Nobody at the club can be honest with him because the Broncos can’t be honest with themselves.
Boyd is using all his guile to survive. He overplays his part in defence, rushing up quickly from centre so a quick thinking playmaker in the opposition will see that side closed off and turn the ball back in.
It appears clever but redirects the pressure to his defenders inside him. And ups the pressure because Boyd has abandoned the system.
It’s like that old jockey who retired, he said, because the older you get the harder the ground gets.
Brisbane’s problem is no longer recognising it but how to deal with it given the rest of the joint already crumbling.
The Broncos are riddled with a lack of belief at the moment.
It is mostly forgivable because it is mostly unintentional. They believe they are doing their best, but do not know that they do not know. That is the heart of their problem.
Seibold, though, betrayed the club after Brisbane’s 59-0 loss to the Sydney Roosters last Thursday.
Among the empty platitudes was a curious quote, volunteered by Seibold.
From nowhere he seemingly plucked an obscure game in 2016 when Melbourne walloped the Roosters 46-0 and Seibold, with stunning recollection, recalled that the Roosters once suffered a similar shortfall.
“I remember them talking about having seven players under 40 games on that particular day,” he said. “We had 10 players under 30 tonight and we had two making their debut.”
Apparently unbeknown, his media department had already circulated similar figures around the press room that night identifying Brisbane’s lack of experience (990 games) compared to the Roosters (2115 games).
The precise recollection shows Seibold, the great hope, and the Broncos spent at least some of last week preparing for the loss.
That was never the Broncos’ way.
The Broncos came into the NRL in 1988 and were privileged immediately but, to their credit, they quickly fulfilled that privilege by giving the Brisbane fans five premierships in their first 13 seasons.
They earned the right.
But Seibold wants it both ways. He offers lack of experience as an excuse but also appoints Pat Carrigan as skipper after just 19 games, with 17 of those off the bench.
More, since arriving at Brisbane Seibold has released, before their contracts ended, Andrew McCullough (260 games), Josh McGuire (194 games), James Roberts (131 games), Kodi Nikorima (86 games), Korbin Sims (120 games) and Jaydn Su’a (31 games).
The Broncos will argue they needed to clear salary cap space to retain David Fifita and Payne Haas and Matt Lodge and Tevita Pangai and all those hot young forwards they possess.
They are the most talented young forward pack in the NRL but the cost of recruiting them, and paying them all well, is the loss of experienced players.
Every club realises it is a balance but Seibold, perhaps backed by the length of his contract, chose to take a different route.
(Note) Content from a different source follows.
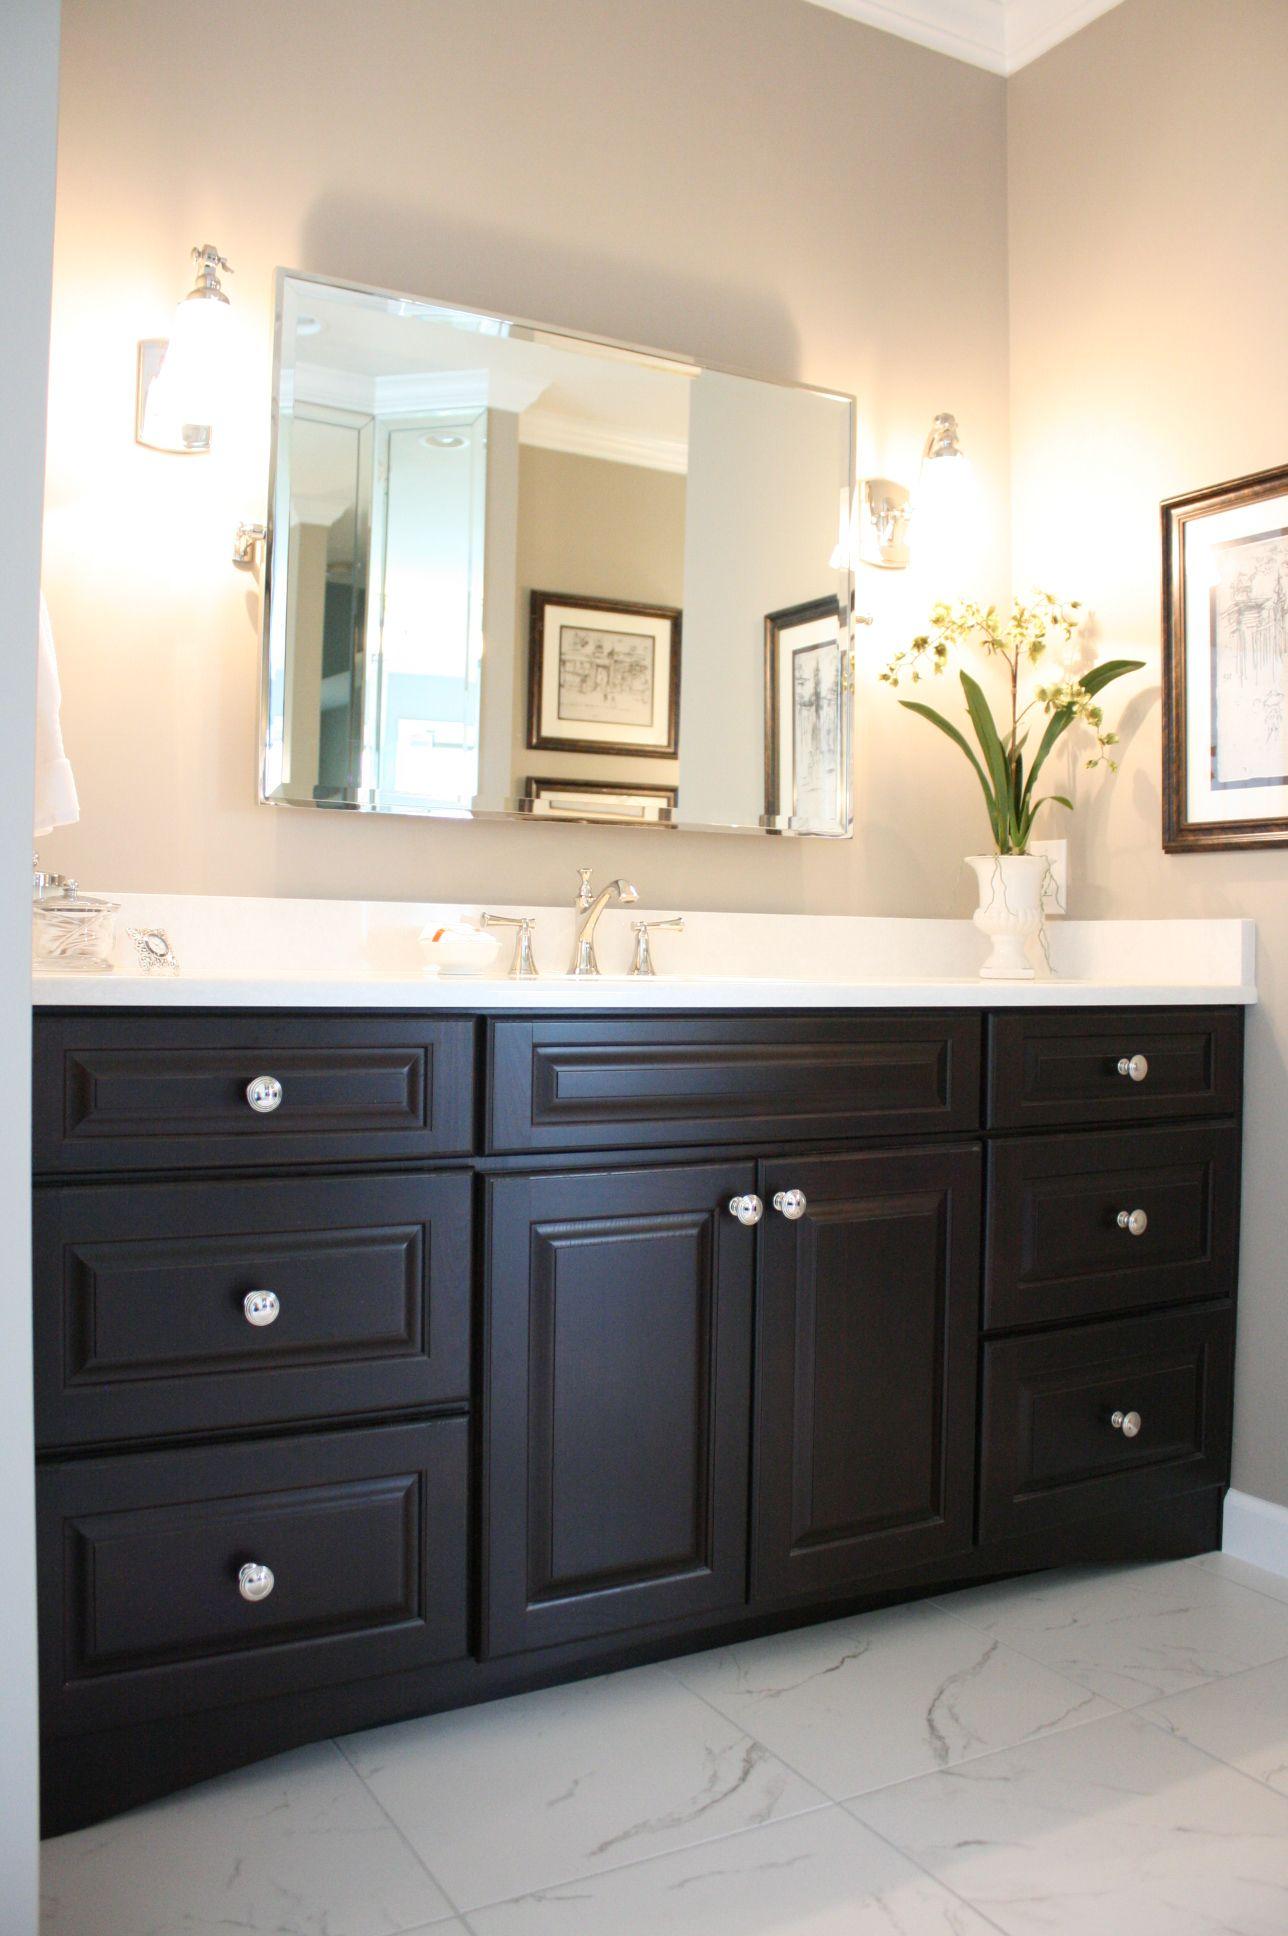 Koch Classic cabinetry Seneca raised panel door style Mocha

Darren Lockyer was recently recruited to help the club’s leadership and, over the weekend, a small brawl erupted between Matt Lodge and former captain Gorden Tallis.
Tallis, critical of Brisbane’s commitment to quit, criticised the club’s leadership.
Matt Lodge responded by putting the offer to Tallis to come along and help them rather than criticise them.
Already on staff with Lockyer (355 games) are other 347-gamer Corey Parker and Justin Hodges (251 games).
If they can’t tip to these modern Broncos, what more could the likes of Tallis and others who have been made feel unwelcome at the club in recent years offer?
Until the Broncos are honest about their problems, and how to fix them, they will remain a club without answers.
You can be sure of one thing Les Hobbs wouldn’t go near the joint.